In recent years also, more attention has been focused on the role of mitochondria in both therapy and therapy resistance of SCC. For example, proto-oncogene 1 (ROS1) is localized in SCC mitochondria, regulates mitochondrial phenotype and bioenergetics, and enhances the invasiveness of SCC [23]. Treatment of SCC via cisplatin increases mitochondrial fission 1 (FIS1) protein level, and such protein involved in mitochondrial fragmentation was used as a new target for improving the sensitivity of chemotherapy [24]. Interestingly, in mitochondria from SCC circular RNA – pumilio RNA binding family member 1 (PUM1) was found, which can inhibit pyroptosis (an inflammatory form of programmed cell death) and it is a novel target for therapeutic approaches in SCC [25].
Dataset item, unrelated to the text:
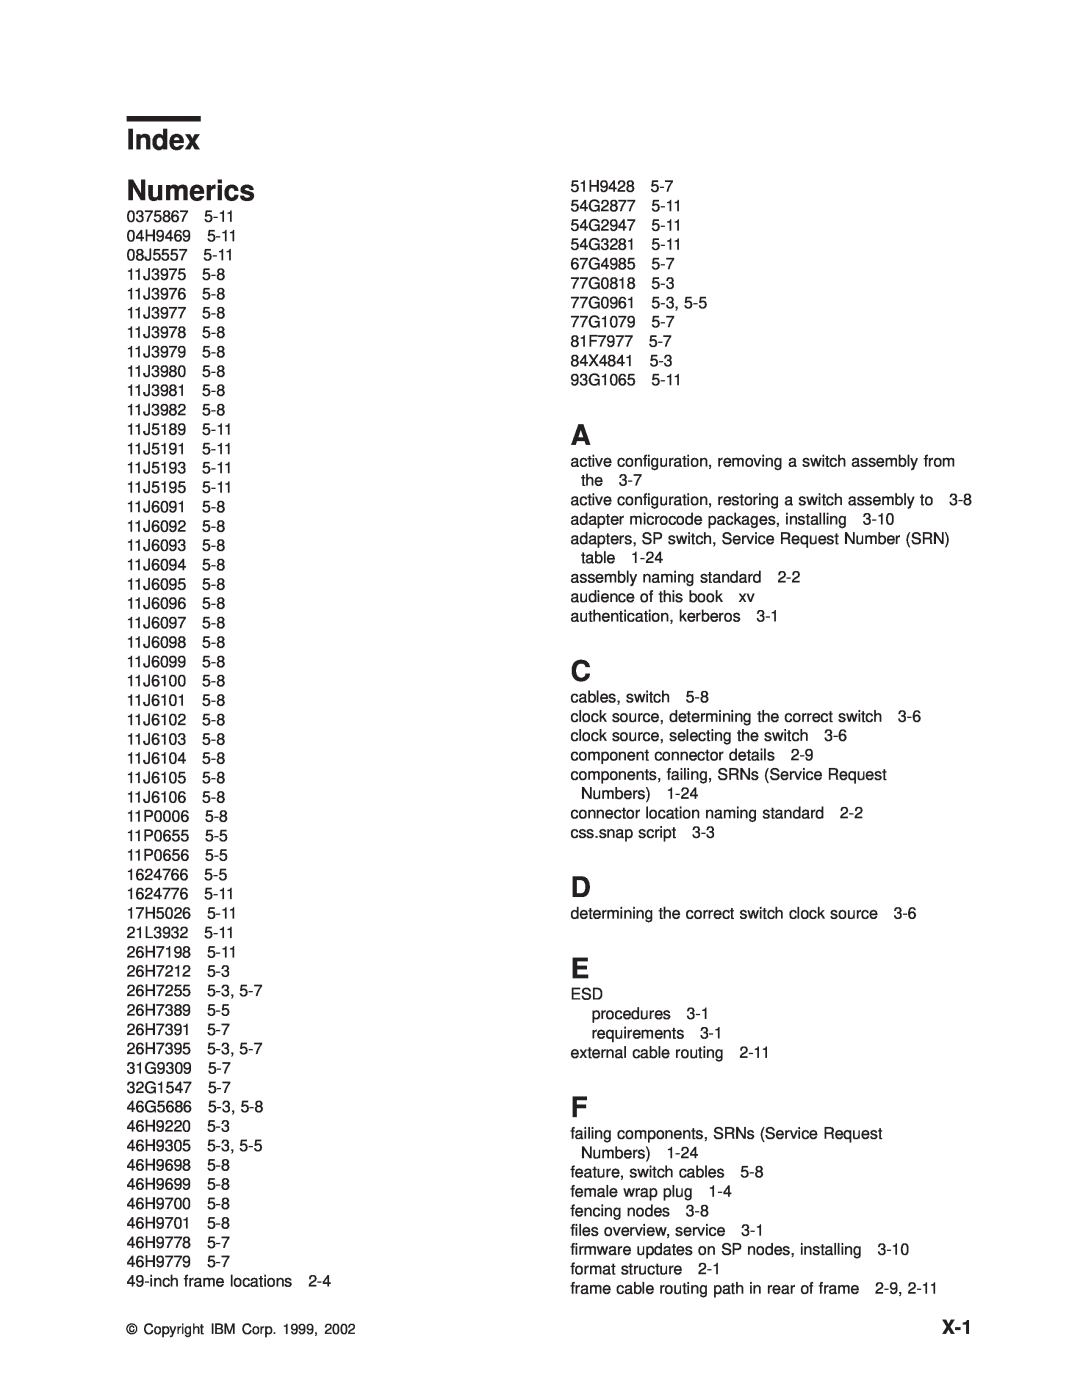 IBM RS/6000 SP manual Index Numerics 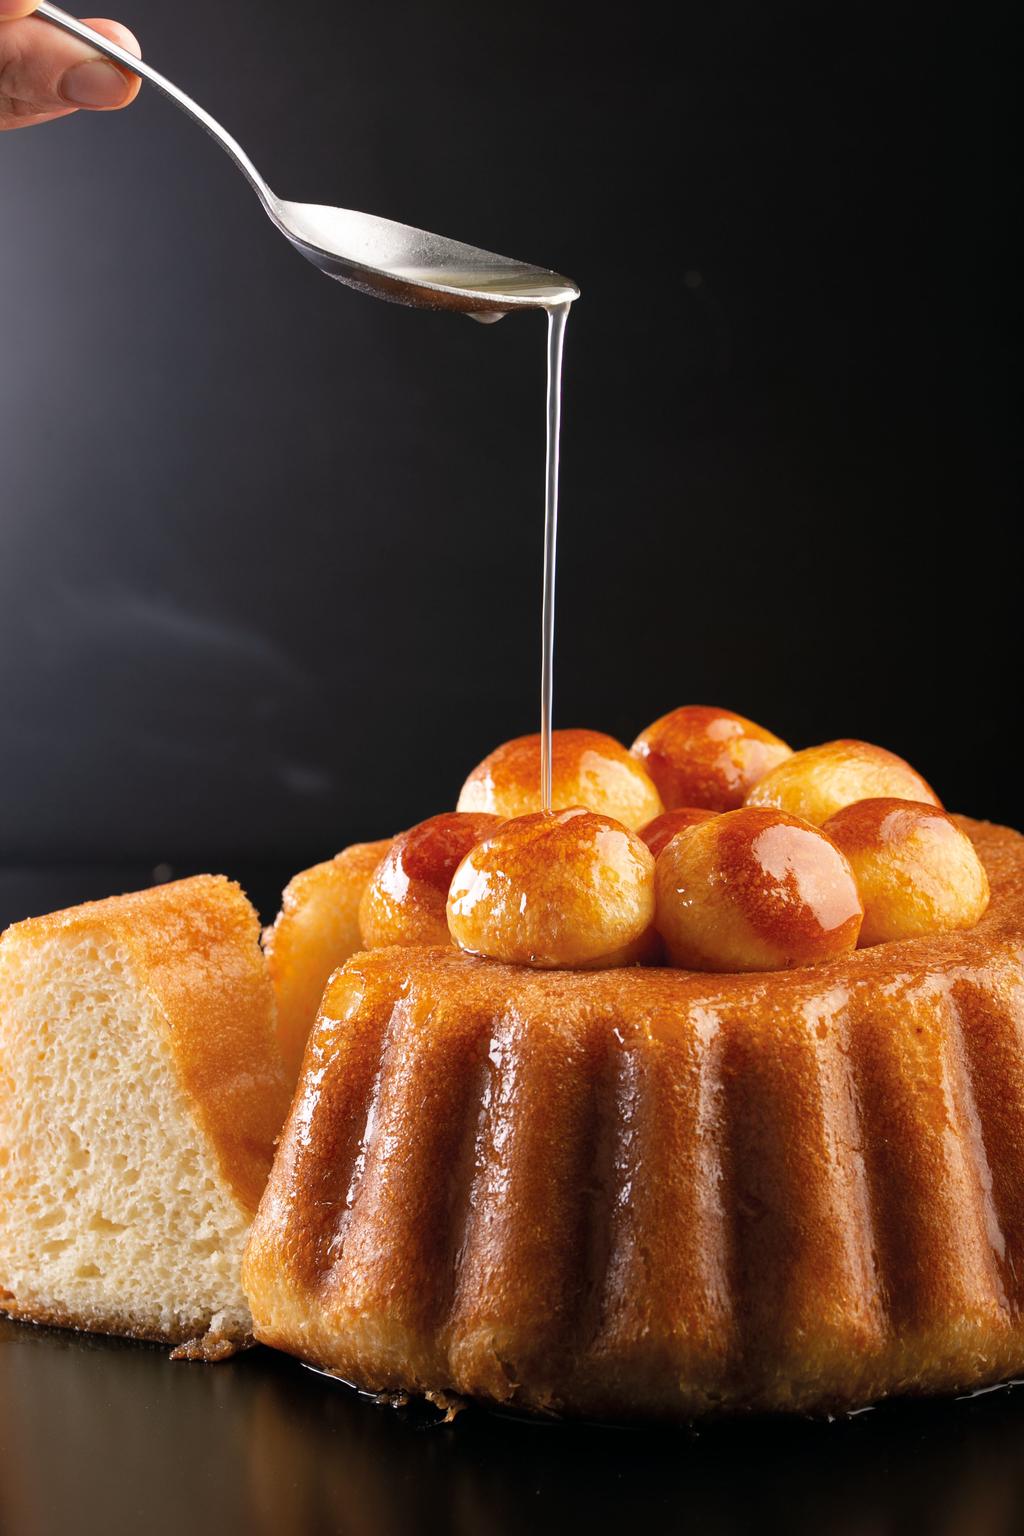 nocciole raffinate, una delicatissima crema di ricotta insaporita da cubetti di pere caramellate, ricoperta di zucchero a velo.

There is a strong link between vitamin D and mitochondria. First of all, in the inner mitochondrial membrane, there are heme-containing enzymes involved in the metabolism of vitamin D3 belonging to the cytochrome P450 family, including CYP27A1, CYP27B1, CYP24A1, and CYP11A1. Furthermore, steroid receptors, including VDR, besides their classic localizations: in the nucleus and cytoplasm, were also found in the mitochondria of human platelets [26], megakaryocytes [27], keratinocytes [28], and fibroblasts [29]. Interestingly, mitochondrial localization of VDR seems to be a common feature of proliferating cancer cell lines, rather than the fully differentiated counterparts [30], and such distribution seems to be ligand-independent. VDR has no obvious N-terminal mitochondrial import sequence thus, it was suggested that the receptor is not transported through translocase of the outer and inner mitochondrial membrane (TOM/TIM translocase), but rather through permeability transition pore (PTP) dependent pathway [28]. The potential role of mitochondrial localization of VDR is still under debate. Further, in silico analysis points to other 1,25(OH)2D3 genomic effects via interaction with VDR receptor presented in the displacement loop (D-loop) of the mitochondrial genome [31,32]. Interestingly, our recent study on purified mitochondria, derived from human astrocytoma cells (U-87 MG), has shown, that 1,25(OH)2D3 directly modulates the conductivity of the mitochondrial large-conductance calcium-regulated channel, providing a new interesting field to explore [33].

In this work, the effect of the active form of 1,25(OH)2D3 and the role of the VDR/RXRA receptor complex on the morphology and bioenergetics of mitochondria in squamous cell carcinoma (cell line A431) in comparison to immortalized HaCaT keratinocytes was investigated for the first time.